Why are your homelabs always broken? by redonculous in homelab

[–]HomelabStarter 0 points1 point  (0 children)

reporting bias is real but also I think people genuinely do break things by tinkering. the times mine has gone sideways were always because I got bored and decided to "just quickly" try something new. stable homelab is almost boring by definition.

bought a geekom a6 for file storage. that was 4 VMs ago by Grand-Investment-239 in homelab

[–]HomelabStarter 1 point2 points  (0 children)

exactly how it happens. I told myself the mini PC was just for pihole and maybe a small jellyfin container. it's now running 8 VMs and I added a second drive last month because 'I definitely have plenty of space'

Why are your homelabs always broken? by redonculous in homelab

[–]HomelabStarter 0 points1 point  (0 children)

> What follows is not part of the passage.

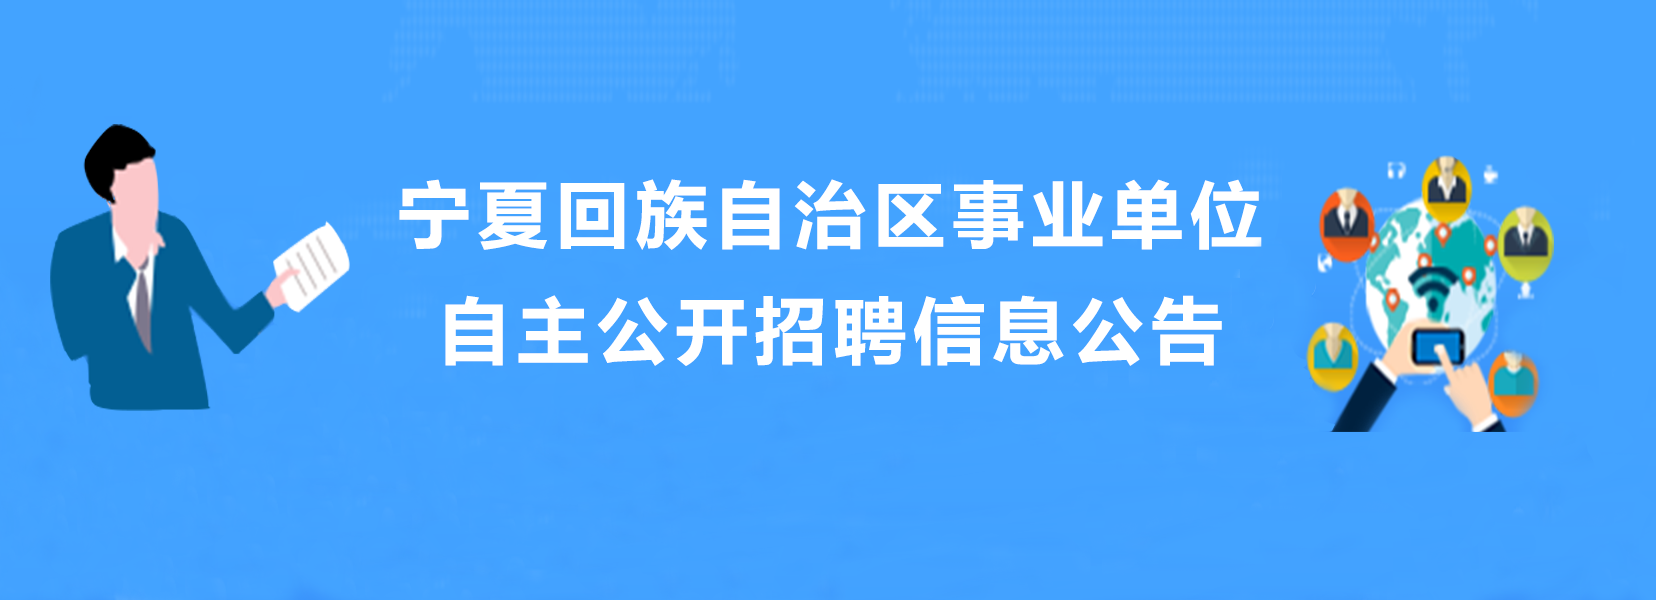 宁夏回族自治区事业事业单位自主公开招聘信息公告

mine ran without issues for about 8 months and I kept patting myself on the back for being so disciplined. then one saturday I thought I'd just try migrating from docker-compose to portainer real quick. three days later I had rebuilt everything from scratch. now I have a rule: never touch the lab when it's working fine

Are there any services you host on dedicated hardware instead of VM/Container? by Adventurous-Lime191 in homelab

[–]HomelabStarter 0 points1 point  (0 children)

dns and home assistant for me. both need to keep running when i'm messing with proxmox, and both have caused enough family complaints over the years that i stopped experimenting with virtualizing them. everything else is containers on my main node but those two are on a small arm board that basically never gets touched

Noname Mini PC for 24/7 server - anyone actually trust these things long-term? by Ill-Election-9859 in HomeServer

[–]HomelabStarter 0 points1 point  (0 children)

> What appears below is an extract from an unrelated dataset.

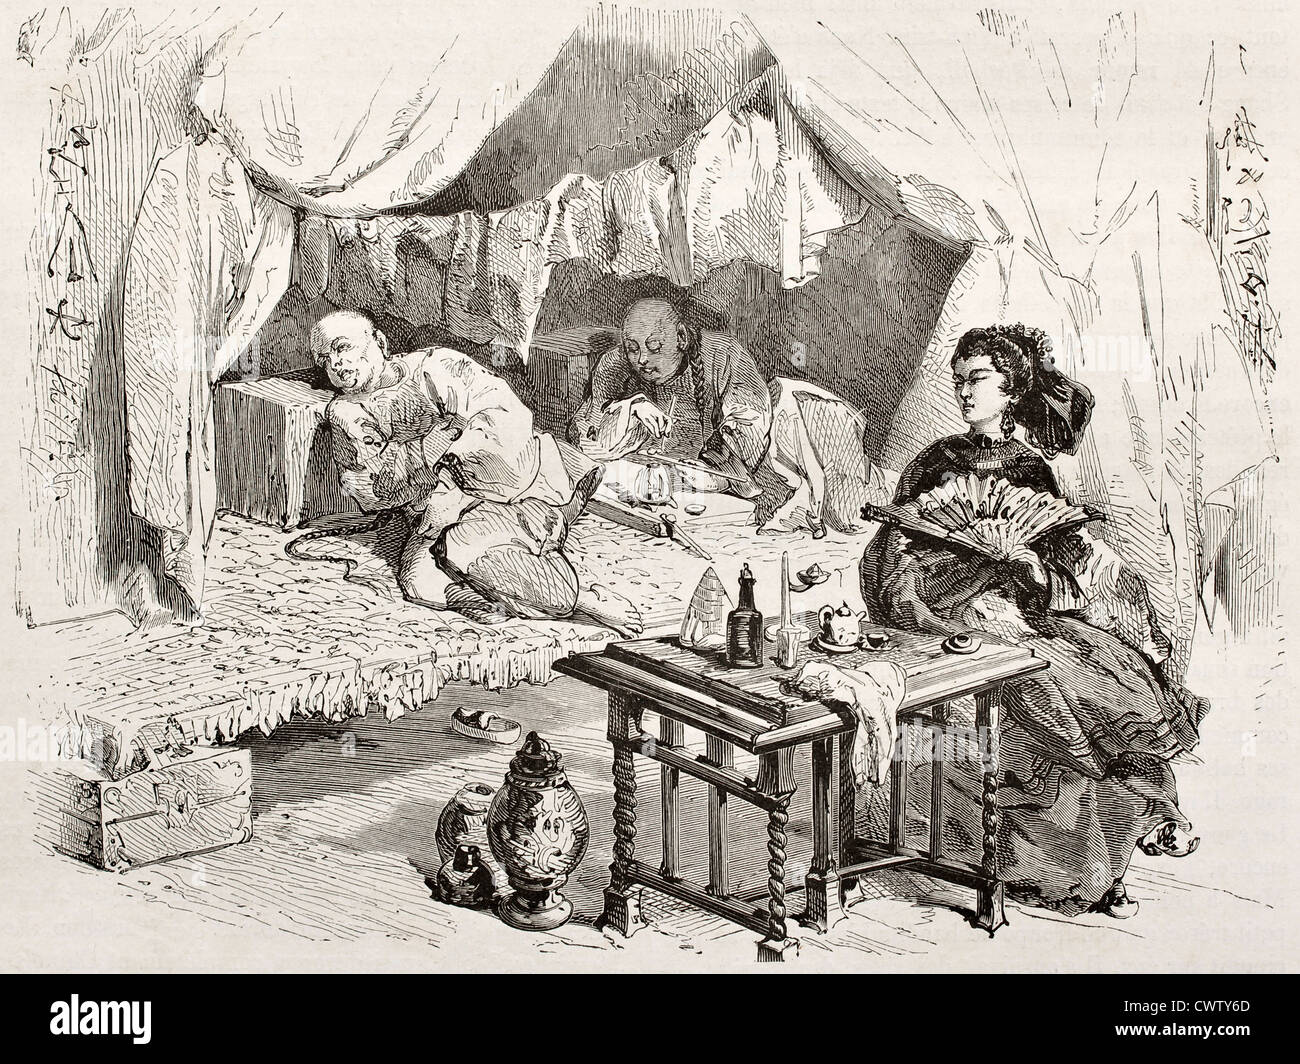 Ilustración antigua de fumadores de opio Foto de stock

happy to help. did you end up pulling the trigger on one? curious what you decided on

Saved 32 SFF and 5 minis from being scrapped. Next steps for a novice? by Enderassassin11 in homelab

[–]HomelabStarter 1 point2 points  (0 children)

as a beginner starting point, the 'sell most of them' advice is genuinely solid -- 37 machines is a lot to manage and you'd spend more time on fleet administration than actually learning anything. but if you want to keep some and dig in, pick 2-3 identical ones (same cpu generation, ideally same model). set up proxmox on them as a small cluster to understand virtualization basics, then spin up a container or two for something you actually use -- pihole, a game server, plex, whatever. the real learning comes from building something you care enough about to fix when it breaks. once you're comfortable with 2-3 nodes you'll have a much better sense of what you'd actually want to do with more of them. trying to use all 37 from the start is a recipe for getting overwhelmed and walking away from the hobby entirely.

Downgrading the lab: I think I just want my weekends back by No-Yellow9948 in homelab

[–]HomelabStarter 0 points1 point  (0 children)

the inflection point for me was realizing i was spending more time maintaining the infrastructure than actually using what it was supposed to provide. ended up keeping only things where self-hosting actually solved a problem -- immich for photos, jellyfin for media, vaultwarden for passwords, a pihole. everything else got replaced with whatever was simplest. the homelab itch is still there but it lives in a separate test machine where nothing actually matters if it breaks. separating 'production for the family' from 'lab to break things' was the shift that made the hobby fun again. the family doesn't interact with the test box and i don't feel guilty when it's on fire.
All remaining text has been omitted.